PAFit (version 1.2.10)

only_A_estimate: Estimating the attachment function in isolation by PAFit method

Description

This function estimates the attachment function \(A_k\) by PAFit method. The method has a hyper-parameter \(r\). It first performs a cross-validation step to select the optimal parameter \(r\) for the regularization of \(A_k\), then uses that \(r\) to estimate the attachment function with the full data.

Usage

only_A_estimate(net_object                             , 
                net_stat   = get_statistics(net_object), 
                p          = 0.75                      ,
                stop_cond  = 10^-8                     , 
                mode_reg_A = 0                         ,
                MLE        = FALSE                     ,
               ...)

Value

Outputs a Full_PAFit_result object, which is a list containing the following fields:

  • cv_data: a CV_Data object which contains the cross-validation data. This is the final Normally the user does not need to pay attention to this data. NULL if MLE = TRUE.
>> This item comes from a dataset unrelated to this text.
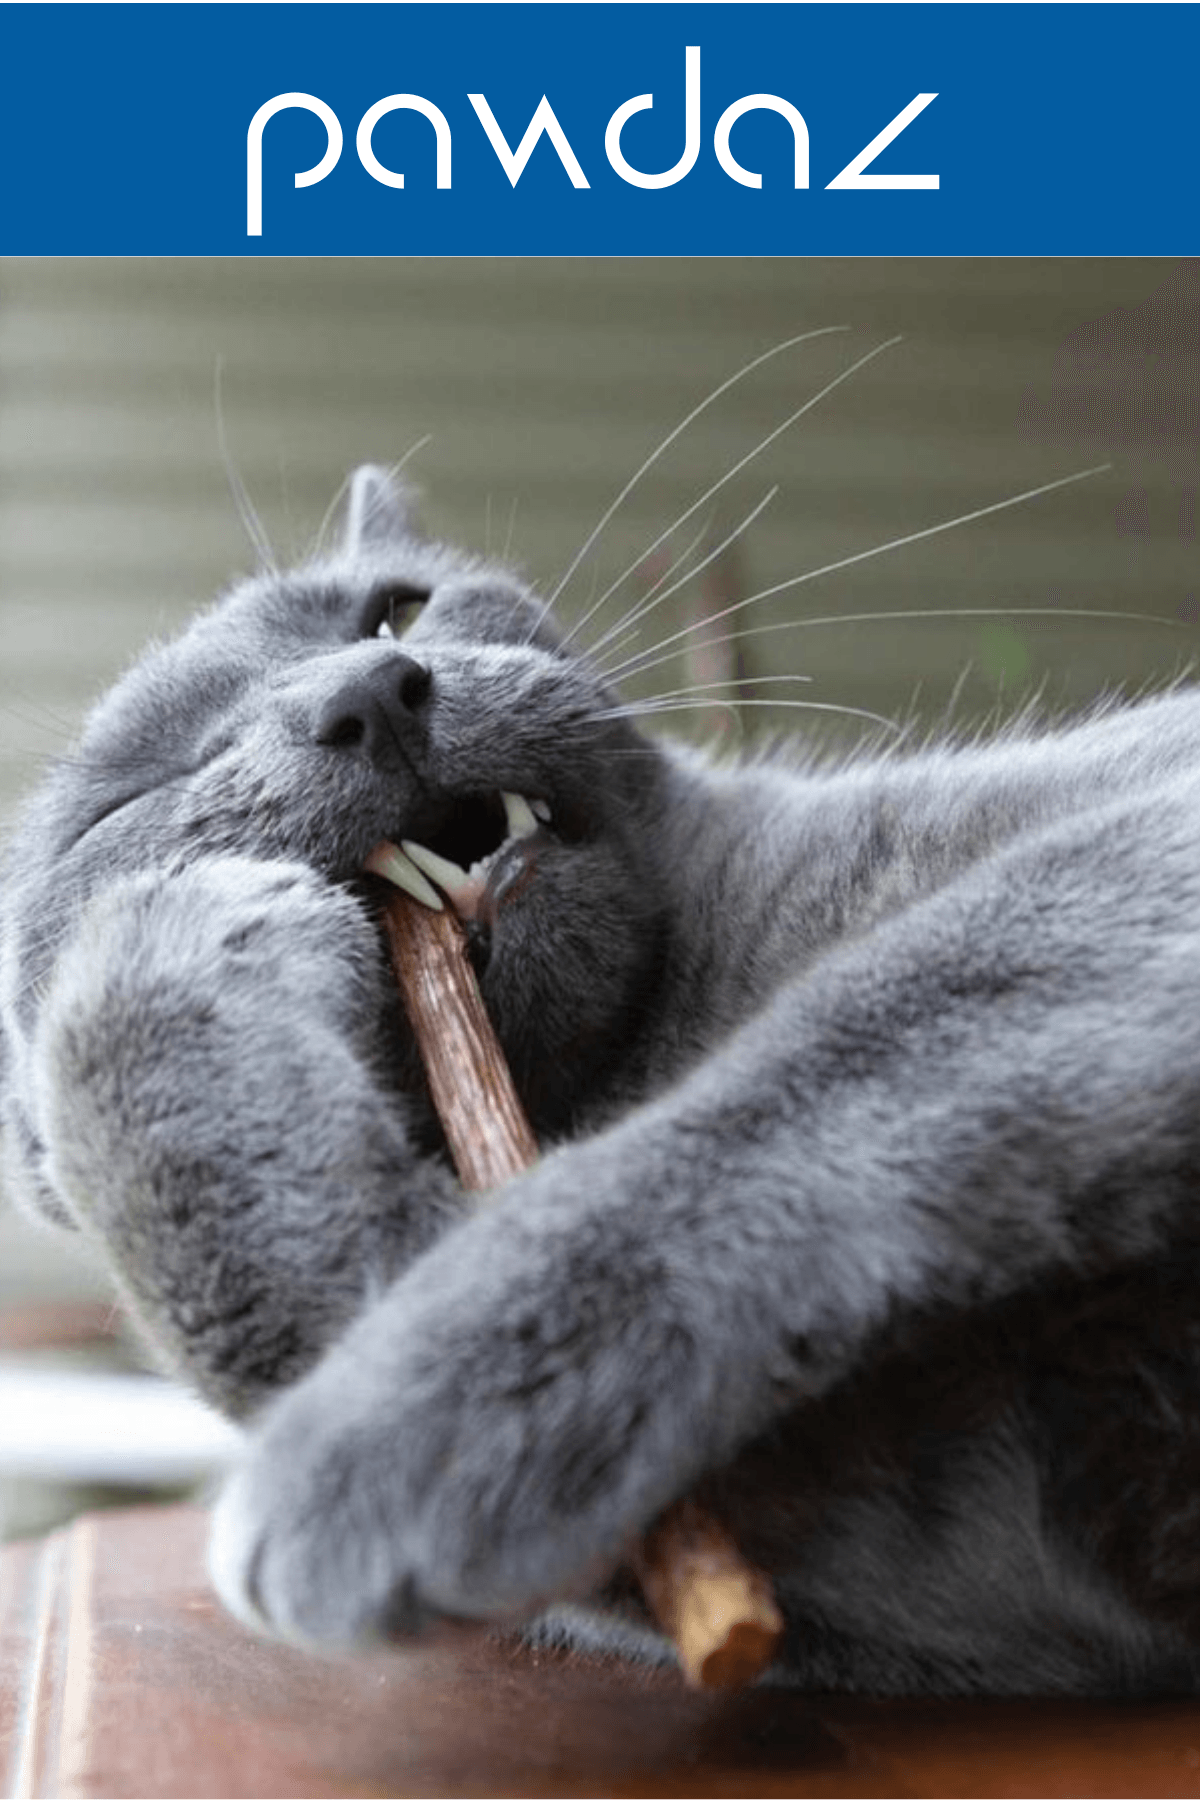 STICK - Kediler için diş temizlemeye ve stres gidermeye yardımcı oyuncak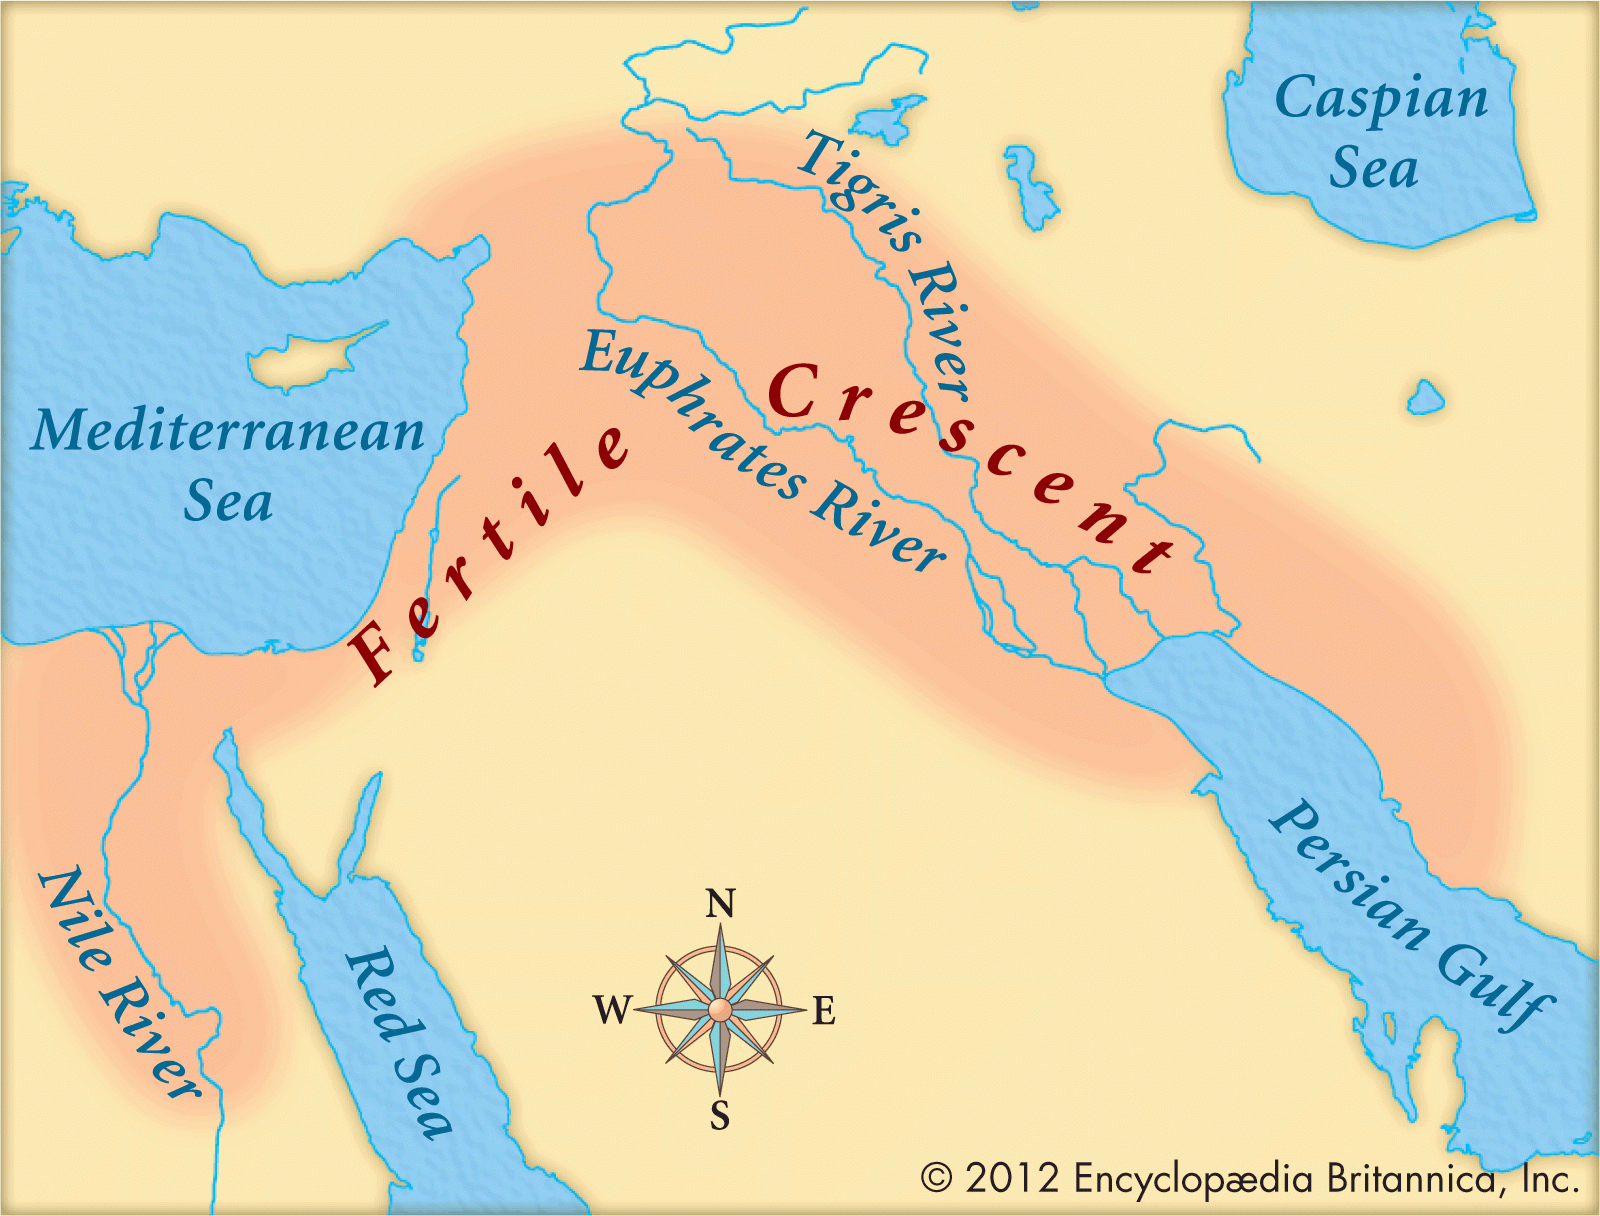 Free Printable Map Of Mesopotamia Free Printable

  • cv_result: a CV_Result object which contains the cross-validation result. Normally the user does not need to pay attention to this data. NULL if MLE = TRUE.

  • estimate_result: this is a PAFit_result object which contains the estimated PA function and its confidence interval. It also includes the estimated attachment exponenent \(\alpha\) (assuming the model \(A_k = k^\alpha\)) in the field alpha, and the confidence interval of \(\alpha\) (in the field ci) when possible. In particular, the important fields are:

    • ratio: this is the selected value for the hyper-parameter \(r\).

    • k and A: a degree vector and the estimated PA function.

    • var_A: the estimated variance of \(A\).

    • var_logA: the estimated variance of \(log A\).

    • upper_A: the upper value of the interval of two standard deviations around \(A\).

    • lower_A: the lower value of the interval of two standard deviations around \(A\).

    • center_k and theta: when we perform binning, these are the centers of the bins and the estimated PA values for those bins. theta is similar to A but with duplicated values removed.

    • var_bin: the variance of theta. Same as var_A but with duplicated values removed.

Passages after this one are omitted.